My current fave is pasta and salad - ordinary amount of pasta, mix in some salmon/tomato paste/sour cream as a sauce, and then just go nuts with mixing salad veggies in. Tomatos, cucumbers, avocados, capsicums are my main go-tos but I can also imagine corn, carrot, lettuce, spinach working with the meal.

Don’t listen to the complicated, “how to make the perfect salad” suggestions. I was in your situation. I knew I needed to eat more salad, but I didn’t want to spend a lot of time and effort, and I wanted the salad to be made to my tastes.

What I do is buy a head of lettuce, rip it up and store it in a tupperware tub (it will last 3-4 days). I keep a sort of “salad bar” in my fridge- pepperoni bites, cheese, olive salad, marinated artichokes, sweet peppers…as well as a few easy vegetables (onions, tomatoes, etc.) When I get the urge for a salad, I pull out the lettuce, pick my ingredients, add salad dressing, and I have a quick meal with almost no prep time and little cleanup required.

When the lettuce starts to get a little brown, it’s time to add another head to my list (and tomatoes). Most of the other ingredients either keep forever in the jar or have a long shelf life (cheese, onions, croutons, etc.).

The trickiest part was picking the dressing(s) that tasted best to me. I had to try a number of brands and types, but I’ve settled on Newman’s Own Italian.

my favorite salad is taco salad …its pretty much taco meat and fixins in a bowl but instead of plain tortillas you throw in a bag of your favorite flavor or two of doritos or tortilla chips

taco bell made a int inverting the recipe by just making it a dorito flavored shell but to me it wasn’t the same …

Now you can get them in mexican restaurants with beans and such added in and in a big tortillia shell bowl but again there missing something …

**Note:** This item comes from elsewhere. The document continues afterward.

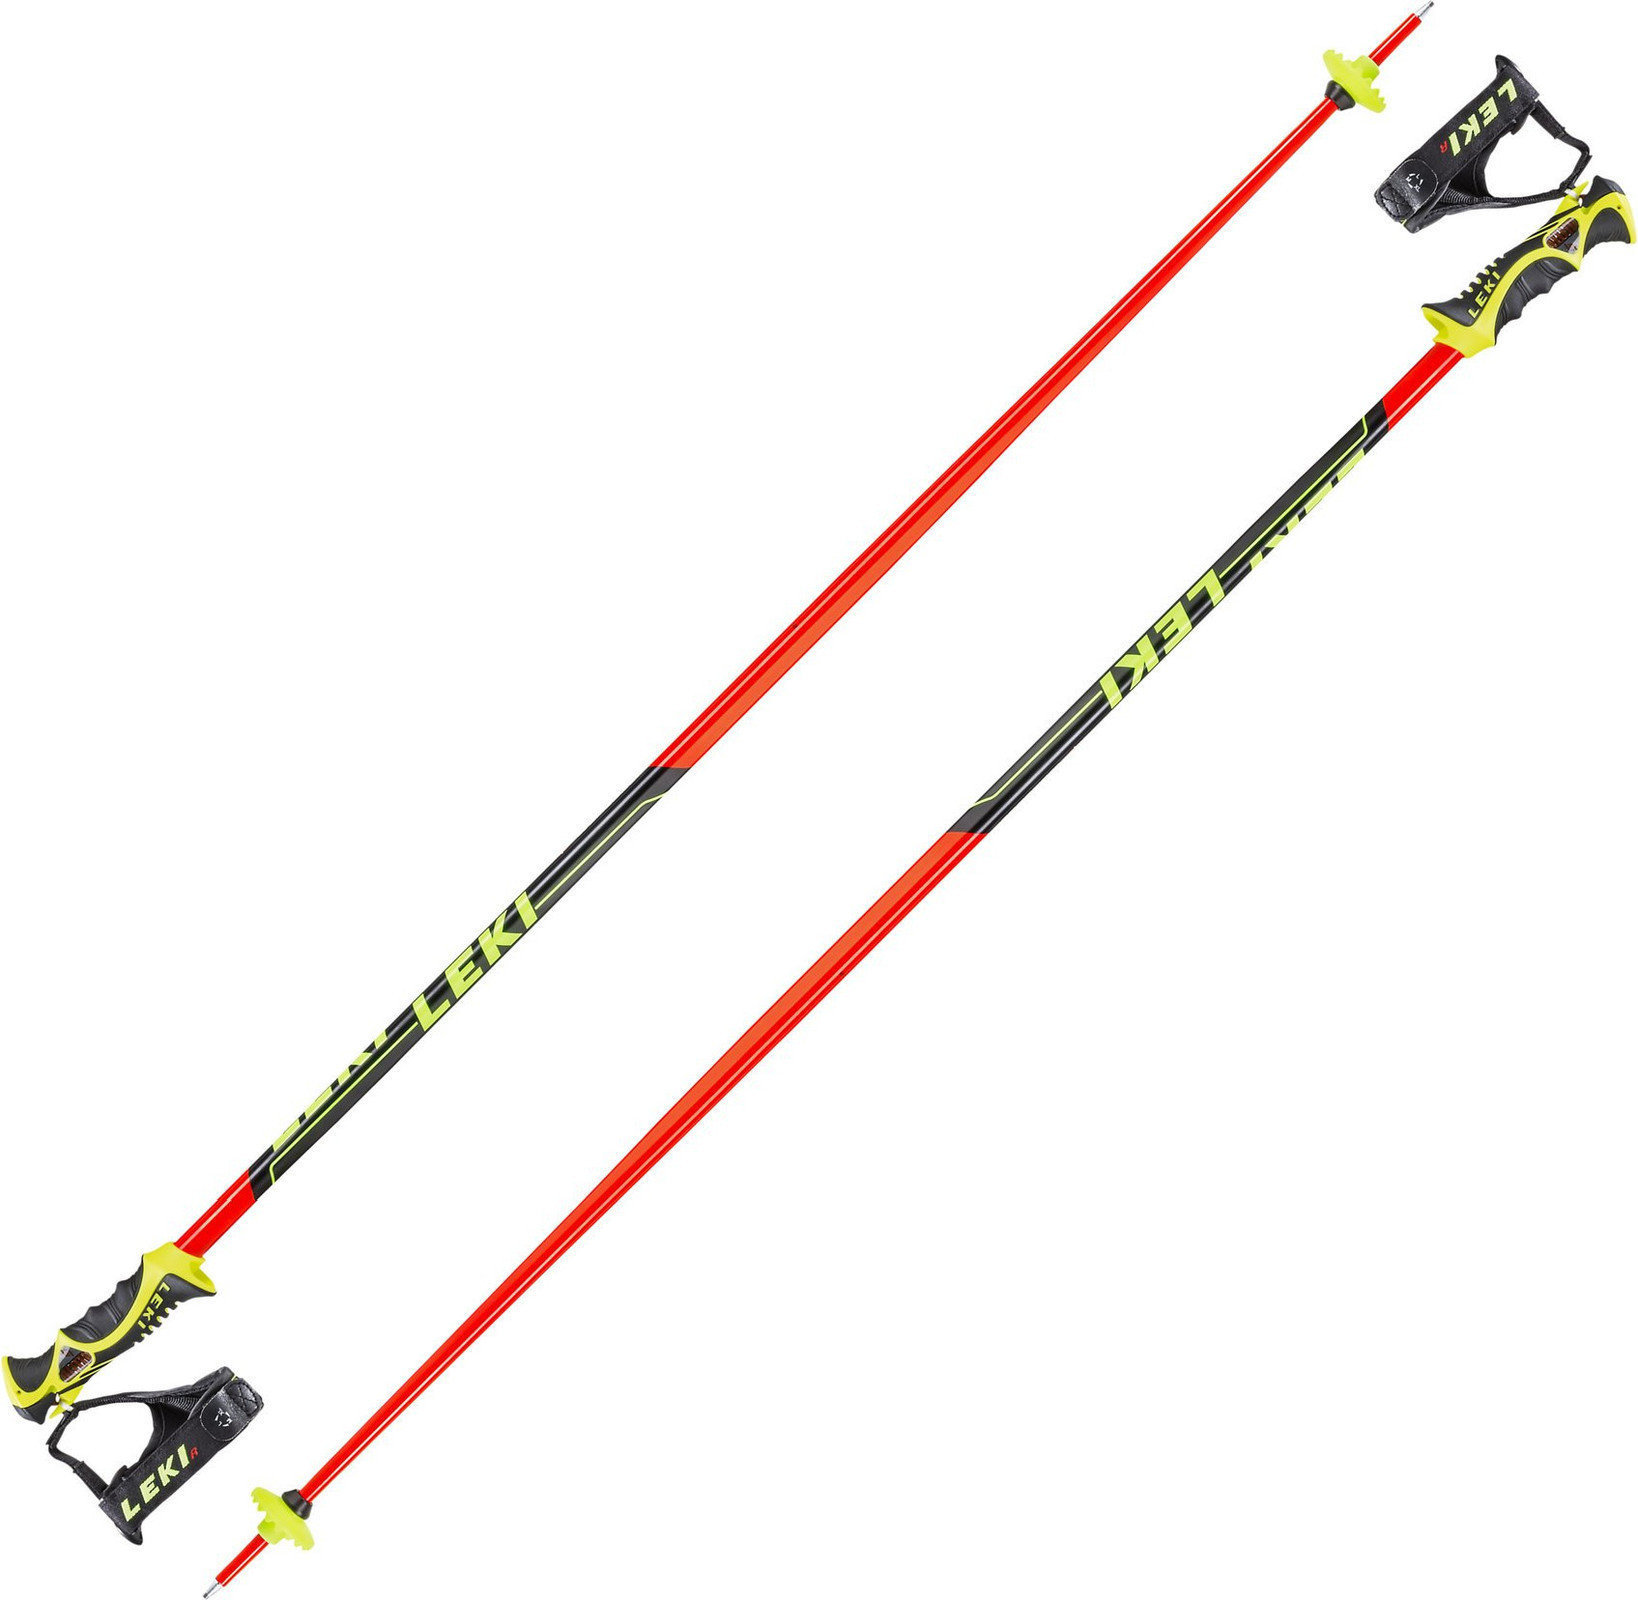 Ski-stokken Leki Worldcup Racing SL Neonred/Black/White/Yellow 135 cm Ski-stokken

reminds me of the old gag thats along the lines of : the wife nags the husband into eating salad because hes on a diet and he finally eats one and says “wow this good but its missing something " she says oh what did i forget to put in ? he deadpans " the steak”

If you like ranch dressing, you can’t do better than making your own with this: Buttermilk Ranch | Penzeys

It is super easy to make, and it far outshines any bottled dressing.

mmm

These are good suggestions, all. I like the idea of having a salad bar set up in the fridge with long-lasting ingredients.

I don’t know what my mental block is about salads, but I’m liking the ideas. Thx.

aye, there’s the rub. I like my salads to have actual green stuff in them, but stuff like spring mix is so fragile I only can buy a couple days’ worth so I can eat most of it before it turns to mush.

I suspect the bottomline is to decide upon a couple of simple recipes that appeal to you - makes it easier to buy the ingredients and use them before they go bad. IMO that’s a key aspect of increasing your plant-based food (unless you go frozen).

Our go-to green salad is leaf lettuce, tomato and avocado, w/ poppyseed dressing and chopped walnuts. So there are really only 3 fresh ingredients to buy on weekly shopping, and you don’t have the produce aisle “paralysis” of what to buy. Our local supermarket almost ALWAYS has those 3 ingredients. If they are out one week - or if avocados are crazy expensive, well, maybe that week we’ll eat fewer salads and more OTHER veggies.

Buy a head of red or green leaf lettuce, 3-6 tomatoes, and 3 avocados, and you’ve got the makings for 3 days of salad for 2 people. Prep is simple/quick - tear the leaves off the ribs and rip into smaller pieces, cut the tomato/avocado and distribute among the salads, sprinkle a few nuts and dress. Make a point of eating a salad for lunch or w/ dinner more days than not after shopping, and the ingredients won’t go bad. The lettuce is really the only thing to worry about. Tomatoes/avocados last quite a while.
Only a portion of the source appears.